- [MATERIAL SHOWN]:
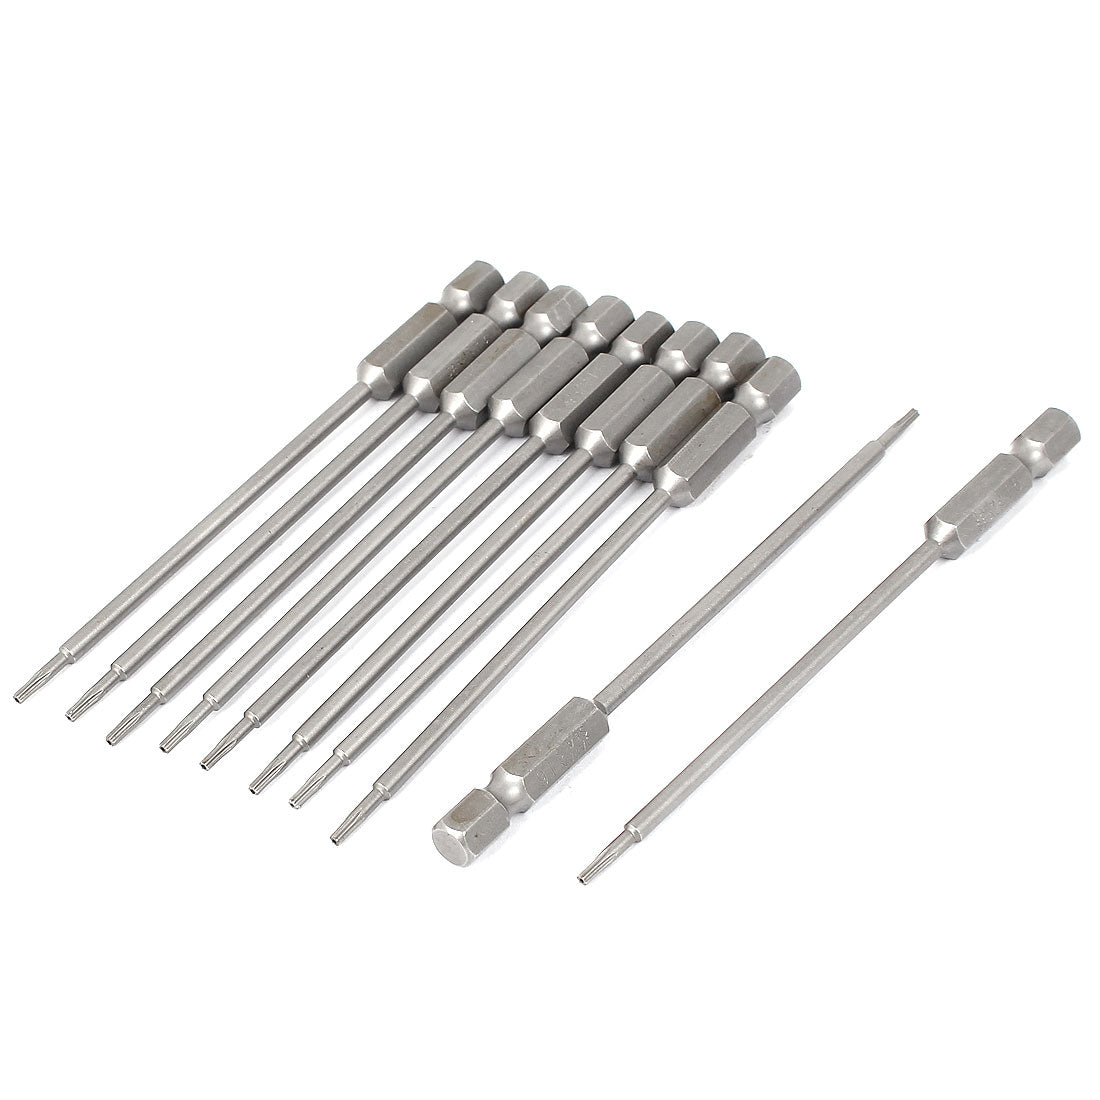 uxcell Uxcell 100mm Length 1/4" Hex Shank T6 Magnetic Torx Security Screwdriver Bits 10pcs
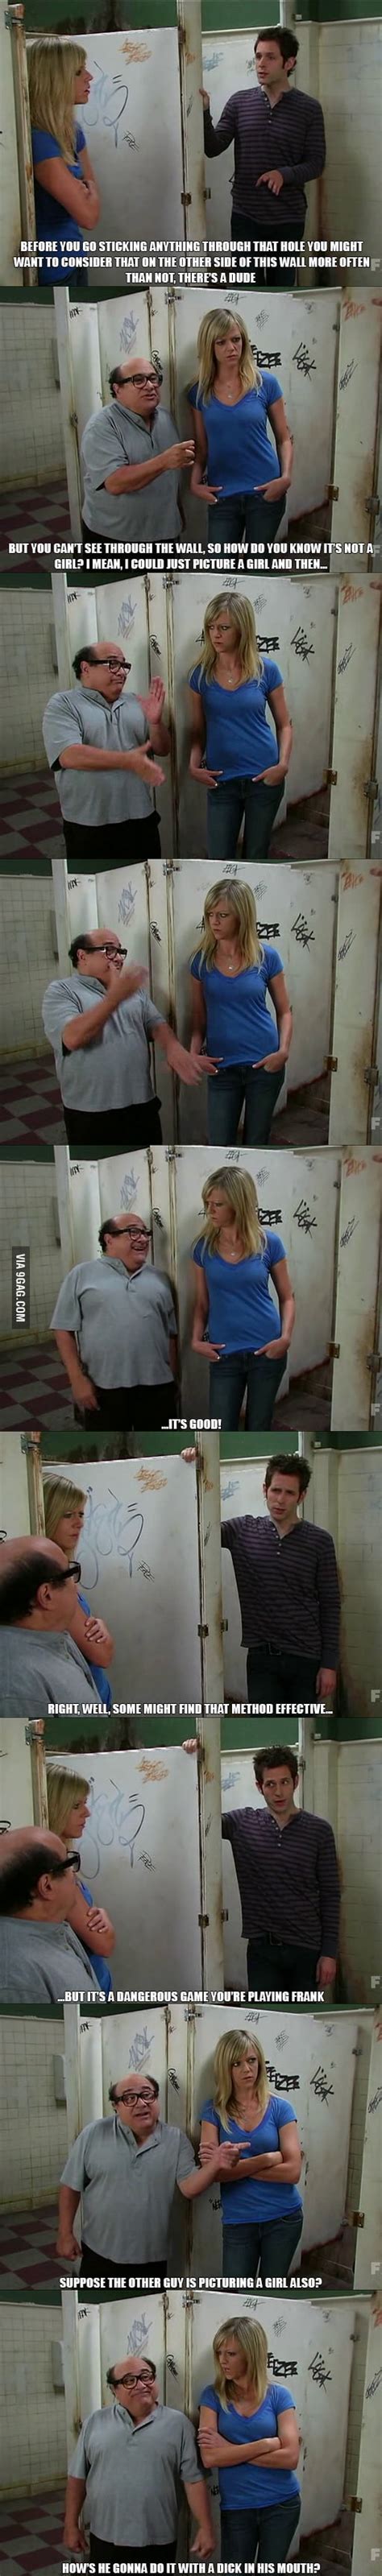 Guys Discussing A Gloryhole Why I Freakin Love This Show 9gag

==

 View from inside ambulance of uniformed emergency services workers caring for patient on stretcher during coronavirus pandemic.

- [TASK TO COMPLETE]: Reproduce the listing above from the line that holds "uxcell Uxcell 100mm" through the line that holds "Guys Discussing A", both included, with the pictures left out.

- [REPLY]:
 uxcell Uxcell 100mm Length 1/4" Hex Shank T6 Magnetic Torx Security Screwdriver Bits 10pcs
 Guys Discussing A Gloryhole Why I Freakin Love This Show 9gag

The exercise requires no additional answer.